Publications

LLM-wrapper: Black-Box Semantic-Aware Adaptation of Vision-Language Models for Referring Expression Comprehension

Published in Internation Conference on Learning Representations (ICLR 2025), 2025

Vision Language Models (VLMs) have demonstrated remarkable capabilities in various open-vocabulary tasks, yet their zero-shot performance lags behind task-specific finetuned models, particularly in complex tasks like Referring Expression Comprehension (REC). Fine-tuning usually requires ‘white-box’ access to the model’s architecture and weights, which is not always feasible due to proprietary or privacy concerns. In this work, we propose LLM-wrapper, a method for ‘black-box’ adaptation of VLMs for the REC task using Large Language Models (LLMs). LLM-wrapper capitalizes on the reasoning abilities of LLMs, improved with a light fine-tuning, to select the most relevant bounding box matching the referring expression, from candidates generated by a zero-shot black-box VLM. Our approach offers several advantages: it enables the adaptation of closed-source models without needing access to their internal workings, it is versatile as it works with any VLM, it transfers to new VLMs, and it allows for the adaptation of an ensemble of VLMs. We evaluate LLM-wrapper on multiple datasets using different VLMs and LLMs, demonstrating significant performance improvements and highlighting the versatility of our method. While LLM-wrapper is not meant to directly compete with standard white-box fine-tuning, it offers a practical and effective alternative for black-box VLM adaptation. The code will be open-sourced.

Recommended citation: Amaia Cardiel, Eloi Zablocki, Elias Ramzi, Oriane Siméoni, Matthieu Cord: LLM-wrapper: Black-Box Semantic-Aware Adaptation of Vision-Language Models for Referring Expression Comprehension. Internation Conference on Learning Representations (ICLR 2025). https://arxiv.org/abs/2409.11919

VaViM and VaVAM: Autonomous Driving through Video Generative Modeling

Published in ArXiv Preprint 2025, 2025

We explore the potential of large-scale generative video models for autonomous driving, introducing an open-source auto-regressive video model (VaViM) and its companion video-action model (VaVAM) to investigate how video pre-training transfers to real-world driving. VaViM is a simple auto-regressive video model that predicts frames using spatio-temporal token sequences. We show that it captures the semantics and dynamics of driving scenes. VaVAM, the video-action model, leverages the learned representations of VaViM to generate driving trajectories through imitation learning. Together, the models form a complete perception-to-action pipeline.

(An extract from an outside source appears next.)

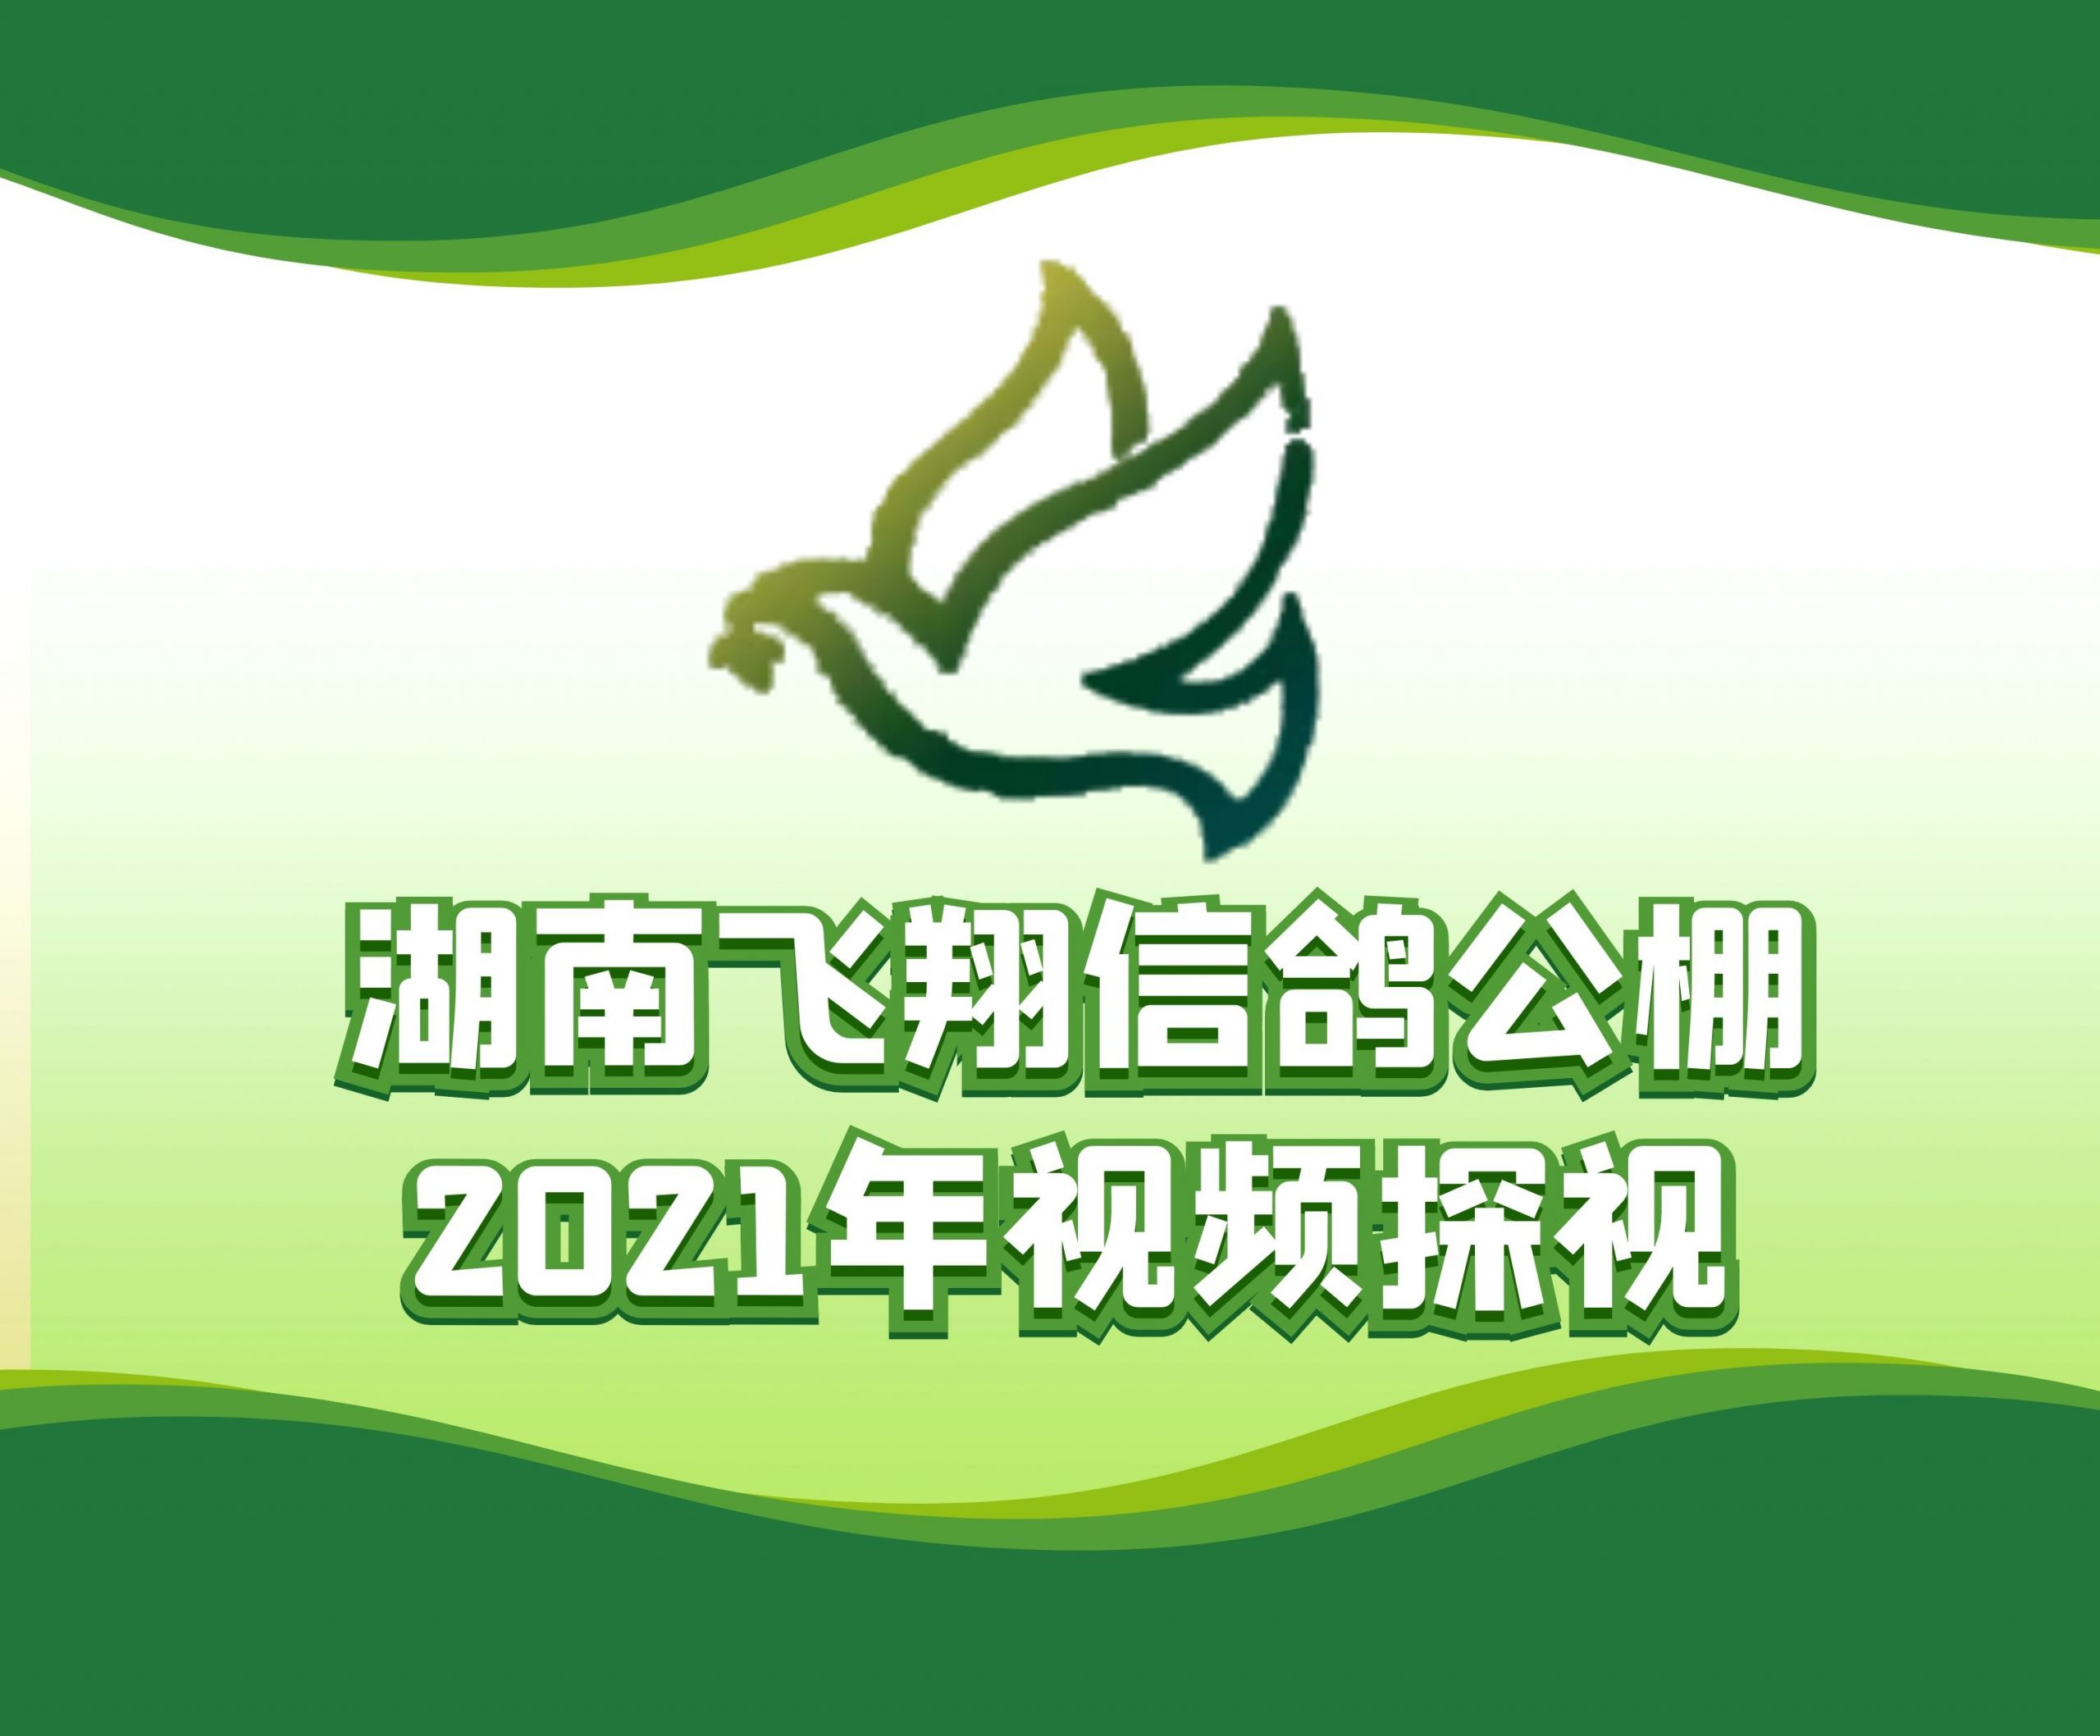 盛辉特-吴石鸽-2021-14-0126146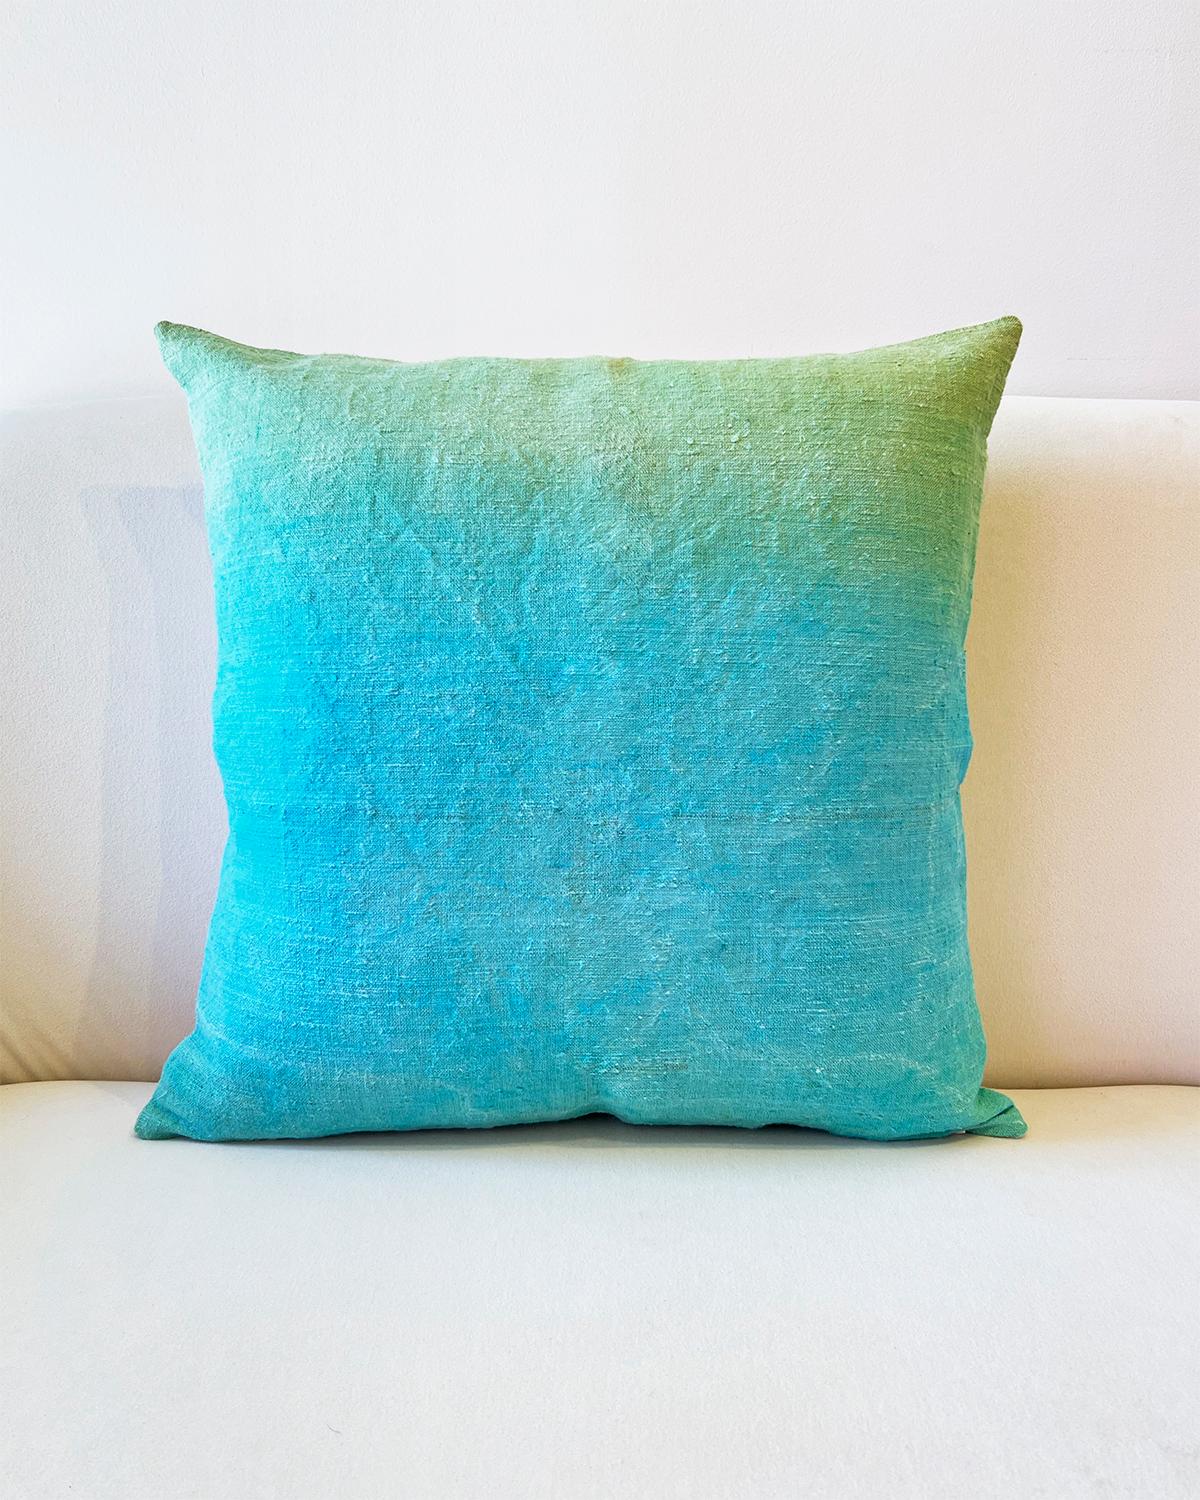 Contemporary Espanyolet Aqua Ombre Hand-Painted Vintage Linen Pillow 20

We evaluate our models in open- and closed-loop driving scenarios, revealing that video-based pre-training holds promise for autonomous driving. Key insights include the semantic richness of the learned representations, the benefits of scaling for video synthesis, and the complex relationship between model size, data, and safety metrics in closed-loop evaluations. We release code and model weights at https://github.com/valeoai/VideoActionModel.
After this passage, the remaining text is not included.